Vanuatu: Mad about island magic

Elisabeth Easther finds more to love about Vanuatu on every visit.

Paddle in dug-out canoes and dip in pools at the foot of thundering waterfalls. Photo / Supplied
Paddle in dug-out canoes and dip in pools at the foot of thundering waterfalls. Photo / Supplied

Vanuatu, less than three hours by plane from Auckland, is my favourite archipelago in the whole world.

The first time I visited, I wanted an adventure. I was travelling alone, hitching rides on freighter ships, stopping in tiny villages to plant yams, paddling in dug-out canoes and spearing fish the traditional way - or at least trying to.

I enjoyed the enchanting encounters with elders who talked about the days when black magic was practised widely in the New Hebrides, before those pesky missionaries arrived. I particularly recall the story about witch doctors flying between islands to settle scores.

In my impressionable 20s I believed it wholeheartedly - Vanuatu can do that to you. Now my trip is marginally less adventurous, but just as much fun.

Most tourists focus their attention on Efate, so all flights from New Zealand land at Port Vila, the exotic capital nestled peacefully into the curved harbour.

And there is so much to do on Efate, aside from the obvious lounging around. The Mele Cascades are glorious, about 20 minutes from Vila by public transport (if you don't take an organised tour). Pay a nominal entrance fee then walk the easy paths to the waterfalls, stopping to marvel at impossibly large trees and sweeping sea views before taking a dip in the pools at the foot of the thundering falls. Bold souls can abseil down them.

There are great lunch places, too - one beside a pool teeming with fat fish fed on leftovers.

Not far from Mele is Hideaway Island, where the snorkelling is fabulous.

For a lazy day, go to Le Lagon Resort and Spa, a hotel on steroids with 30ha of tropical gardens, vast pools, a swim-up bar and a 12-hole golf course.

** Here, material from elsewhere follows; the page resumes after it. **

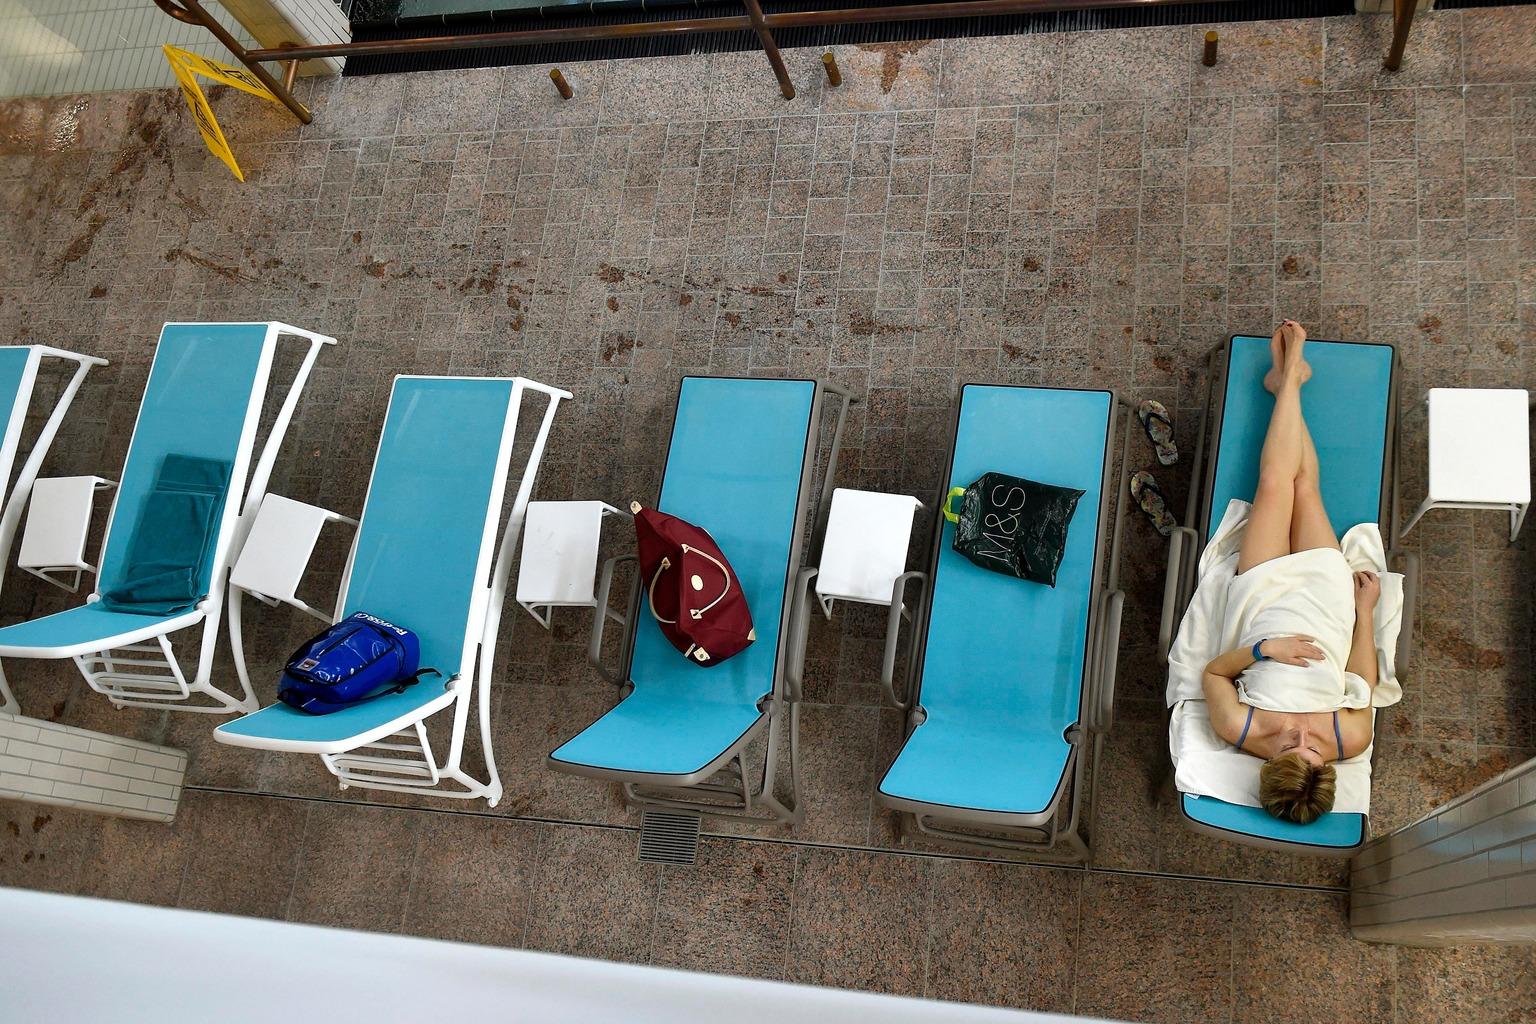 Budapest, 2018. január 17. Nyugágyon pihen egy vendég a Palatinus Gyógy-, Strand- és Hullámfürdő beltéri termálmedencéjénél 2018. január 17-én. 2017 októberétől egész évben nyitva tart a fürdő, a felújított épületekben gyógyvizes termálmedence, gyerekmedence, wellness részleg, valamint egy kültéri termálmedence és úszómedence is várja a vendégeket. MTI Fotó: Bruzák Noémi

Spend the day eating, drowsing, bathing and being served pleasantly affordable fodder, while watching a procession of brides being paddled across the harbour to grooms pacing on the sand. Nuptials are big business here.

There's no problem finding lodgings on Efate, although we love Poppy's on the Lagoon with its pools and lush gardens. Poppy's has well-appointed kitchens, which means dining on simple food by sea views at a time that suits you.

I love the French-Pacific feel from the years when Britain and France ruled the islands together in what was known as a condominium. Despite independence in 1980, the place still does a mean croissant. And the produce in the local markets will blow your mind - handwoven baskets filled with vegetables and fruit, crabs, prawns and live chickens, too, if you're game. And everything tastes so good.

And Bislama, the native creole language, is enchanting. It is as endearing a communication as you could hope to hear - a combination of English, French and various languages of Vanuatu. For brassiere, say "titi blong basket"; for piano, "you hit him, he cry out"; and my favourite expression, rather than saying, good idea, try "nambawan tink tink" - number one think think.

A rough-cut diamond in the crown of the Pacific, Efate is a jewel to savour over and over. Even if the voodoo's all but vanished, the magic will always be there.

CHECKLIST

Getting there: Air Vanuatu flies regularly from Auckland to Port Vila.

Further information: Melanesian Tours has seamless service. Email your flight details and they're at the airport waiting for you with cool drinks and necklaces. Nothing like seeing your name on a whiteboard at arrivals to make you feel like a minor league rockstar.

Accomodation: Poppy's on the Lagoon has a sweet little beach, great rooms and kind staff, plus they can organise every kind of trip. Great for families and one of the few Pacific resorts to cater to people in wheelchairs.